The story of the school starts at St Omer in what was then the Spanish Low Countries in 1593, where a college was founded by Father Robert Parsons for English boys, unable to receive a Catholic education in Elizabethan England. As such it was one of a number of expatriate English schools operating on the European mainland during the centuries when Catholicism was proscribed in England.

In 1762, when the French Parlement turned against the Jesuits, the school, in what was then a part of France, was forced to move. During subsequent decades, when the Jesuit Order was suppressed in most countries, the college was one of the institutions through which it managed to maintain a continuous existence.

After St Omer (still known in Stonyhurst parlance by its old English name of St. Omers), the college settled in Bruges where it continued until 1773 when it was again forced to move, reassembling at Liège, under the protection of its bishop.

In 1794 yet another move was forced upon the school, and a new home was found at Stonyhurst Hall in Lancashire, an ideal county for the school to settle in because it was still a Catholic stronghold and its rural, isolated character provided the hope that the school would be left alone by the authorities. Not taking any chances however, a number of hiding places were created throughout the building should the Jesuits face persecution again, and when Saint Mary's Hall was constructed in the following century, a secret escape tunnel, which still survives, was also built linking the seminary to an exit in the gardens.

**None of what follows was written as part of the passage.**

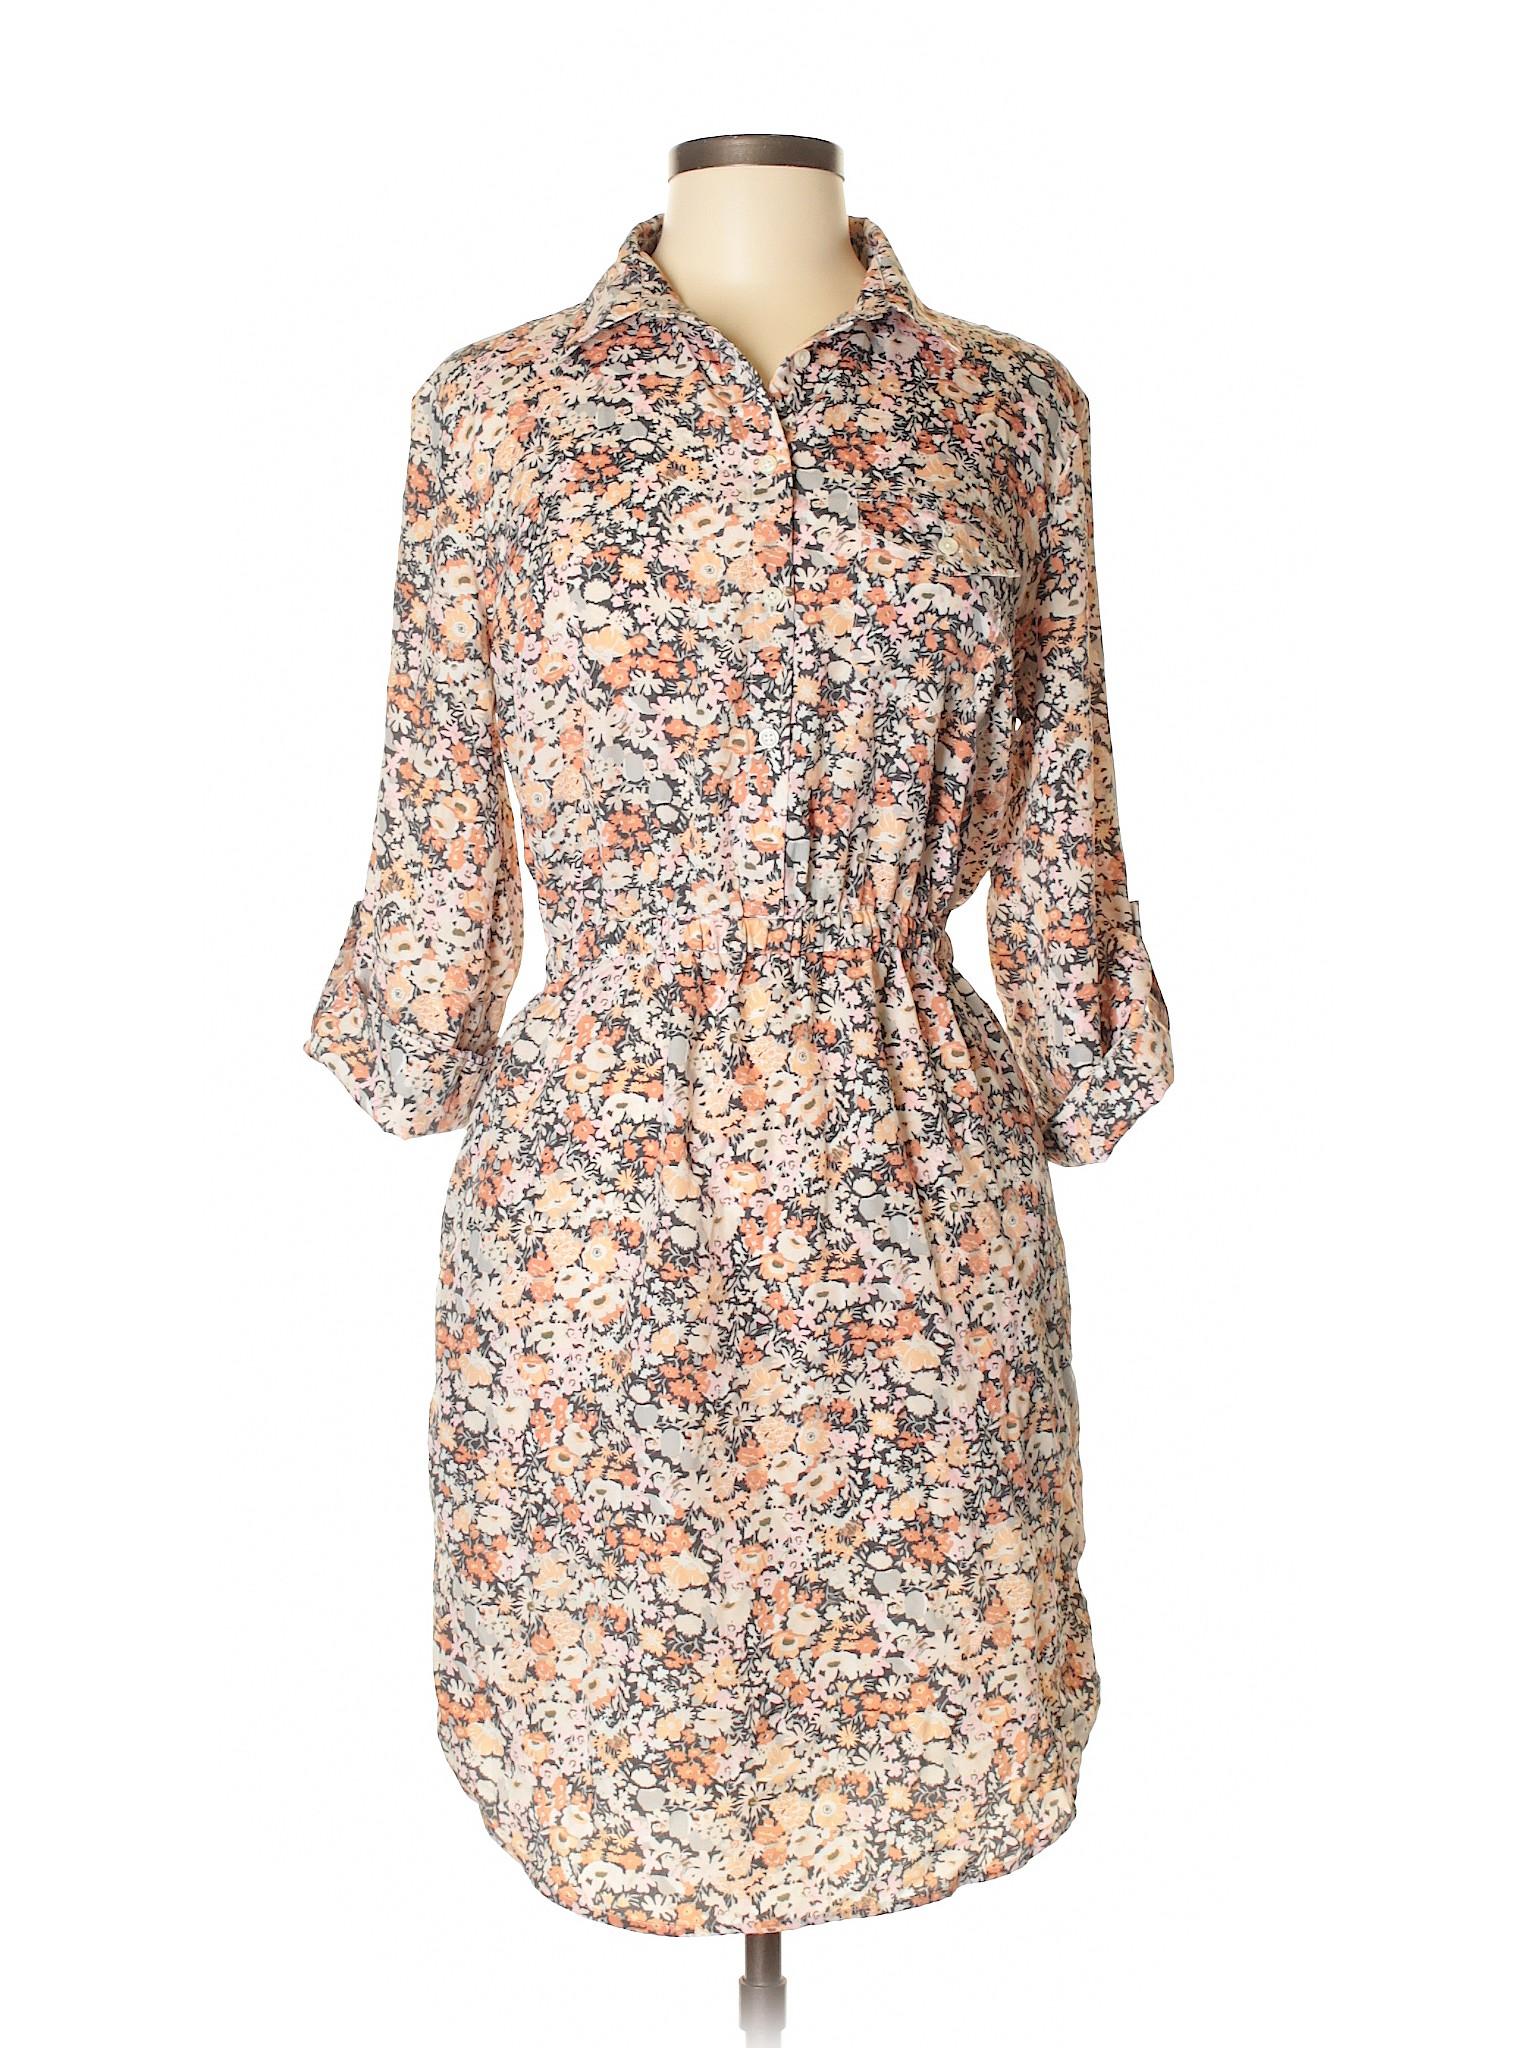 Boutique Dress Taylor Ann Casual LOFT winter BqBaTf
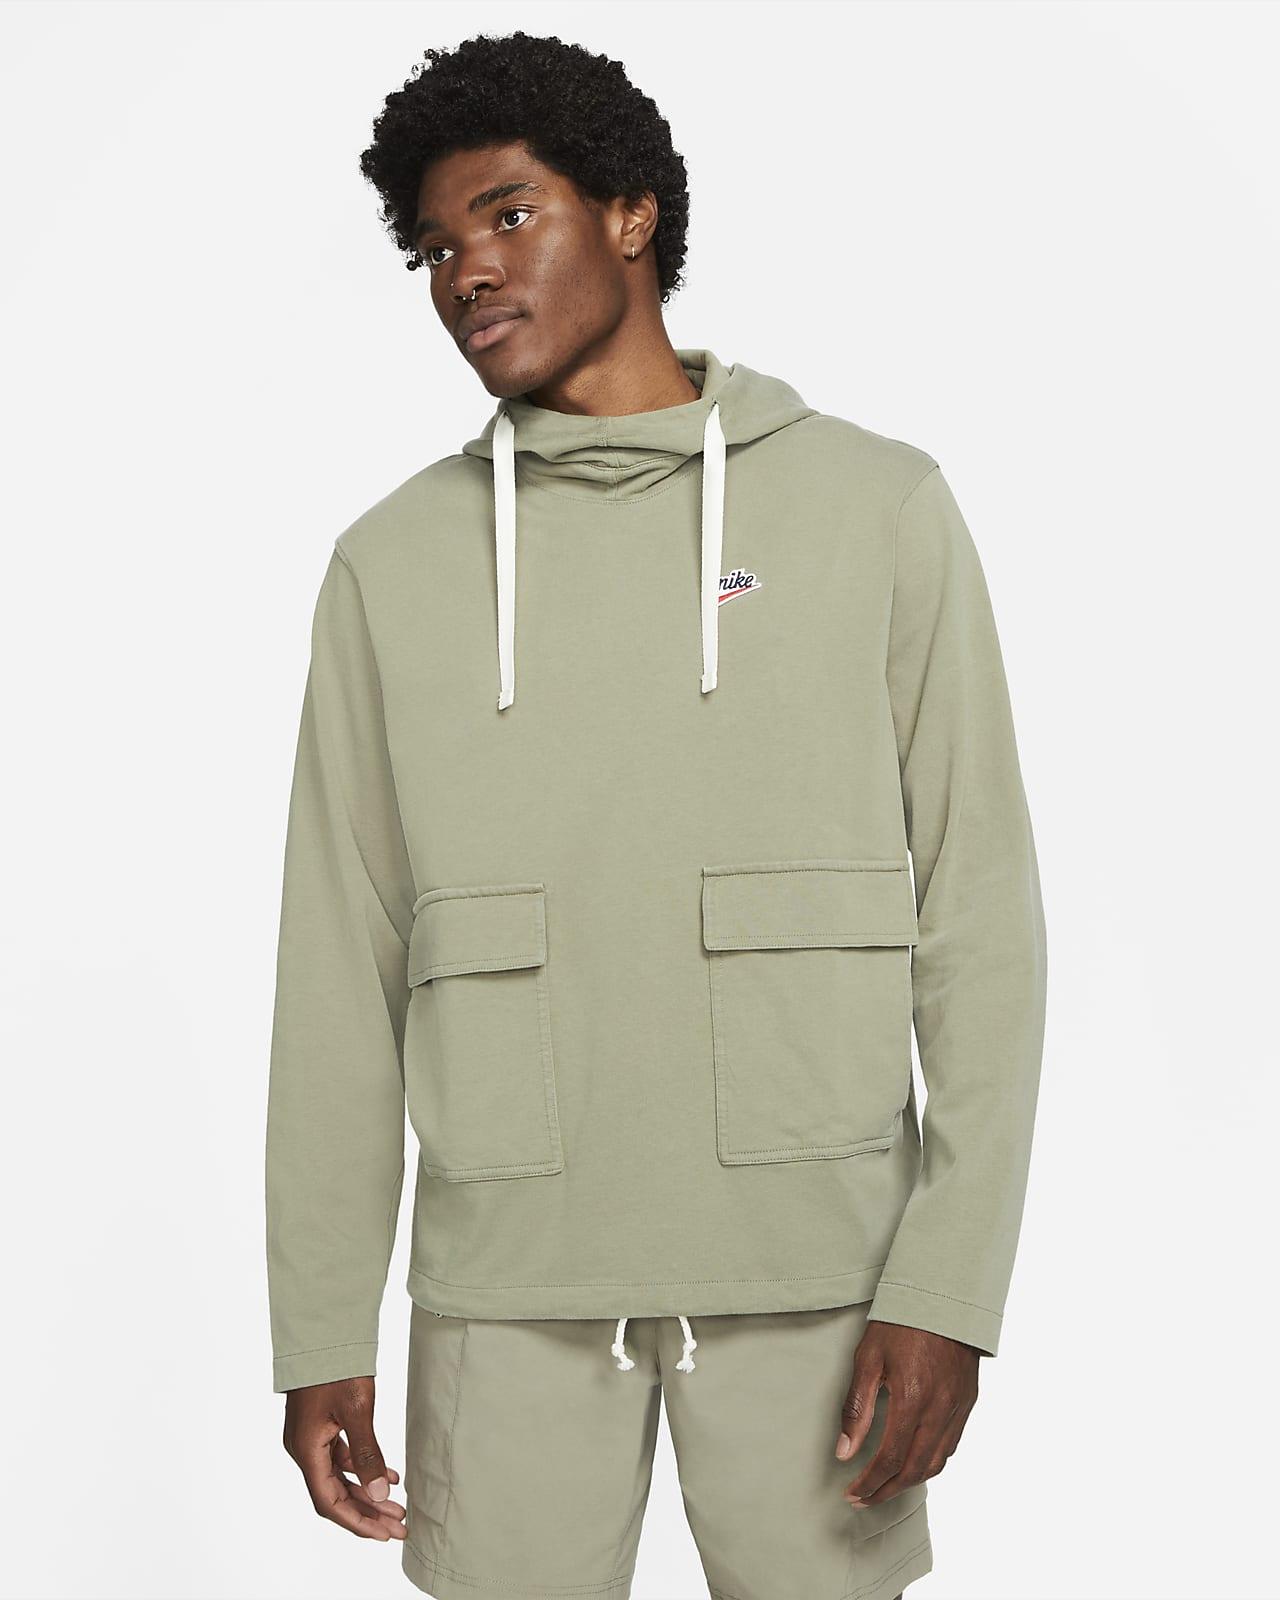 Nike Sportswear Heritage Essentials Örgü Erkek Kapüşonlu Sweatshirt'ü

The honour of being the last student at Liège and the first at Stonyhurst was claimed by a George Lambert Clifford whose bust is today on display in the Do Room; it is recorded that he and a fellow pupil from Liège, Charles Brooke, were the first of the migrants to arrive at the Stonyhurst mansion and raced down the Avenue together, but whilst his antagonist was waiting to be let in, Clifford spotted an open window and darted in, to be remembered by posterity as Stonyhurst's first pupil.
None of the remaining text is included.